On Thu, Jul 22, 2004 at 02:36:46AM +1000, Matthew Palmer wrote:
> > It could very easily be argued that by forcing distribution to an upstream
> > author that they will possibly release the code to the public where the
> > downstream recipient may choose to keep such code private.
> And it could work the other way.  Hell, in a licence under current
> discussion, there's an explicit licence term to allow upstream to sell my
> changes under a different licence of their choosing.  That seems like it's
> quite useful for an upstream who wanted to take my modifications private...

The it seems that we've reached an impasse at this level of detail, since it
could well be argued that forced distribution upstream can impede or enhance
free software and freedom in general. As such, you can't say that forced
upstream distribution is inherently non-free.

> > It's fairly unlikely that the cost of distributing changes to the original
> > author will be that significant. Desert island and other corner case scenarios
> > aside that is.
> A couple of years in prison isn't that costly?  Because that's what I'd
> imagine you'd be facing for unauthorised export to an embargoed country.

I consider this a corner case, and honestly not an issue that Debian should be
concerned with, since we can't cover every corner case nor be responsible for
how countries choose to run themselves.

> > But the idea of sending changes downstream also constrains freedoms, just in a
> > different fashion. I think this argument is invalid because while you may have
> > the freedom to associate with only certain people under the GPL, you do not
> > have the freedom to associate with them in exactly the way you want.
> It's a matter of degrees and of resultant benefit.  A recipient with
> binaries but no source has a *lot* less freedom than a recipient with
> binaries and source.  An upstream author without my modifications has only a
> bit less freedom than an upstream with my mods.

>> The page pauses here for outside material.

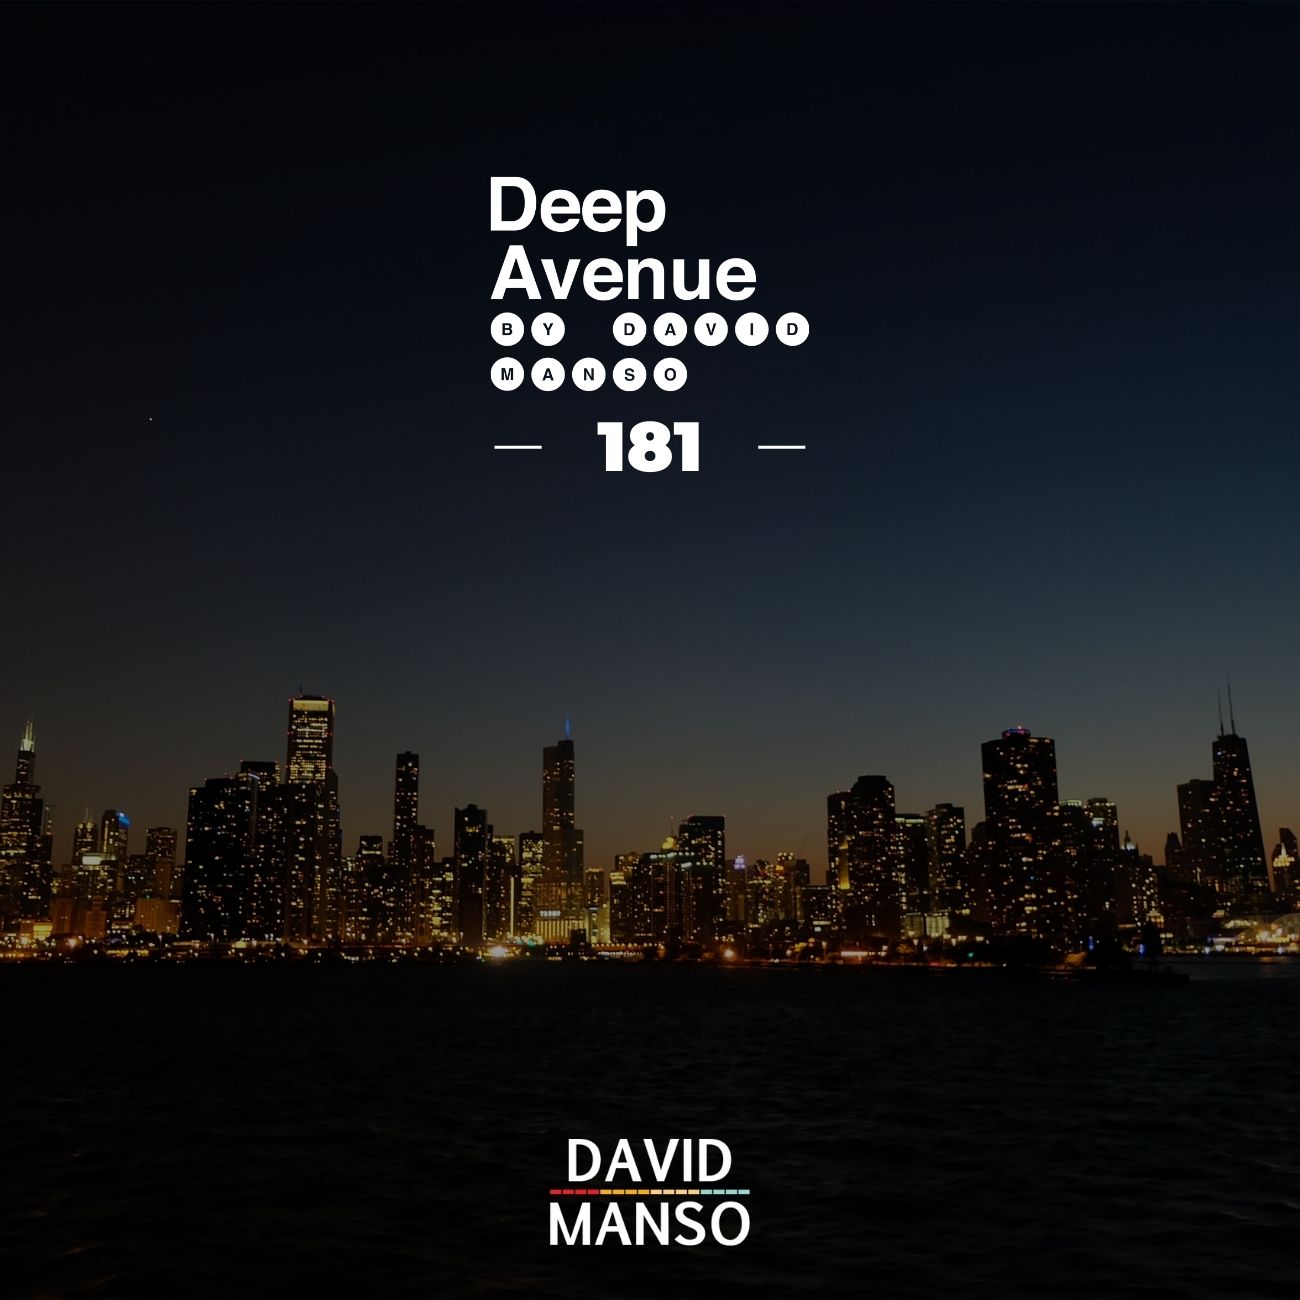 Deep Avenue 181

This depends, of course, on the extent of your mods, but on the whole I agree.
However, this distinction does not cause the idea of forcing upstream
distribution to be non-free.

> Furthermore, it is a loss to the community (or people I distribute to, if
> you like) if I do not make the modifications to the software because I would
> be forced to send my modifications upstream.

Much the same as if you won't modify the software because it's GPL instead of
BSD. This doesn't make the requirement non-free.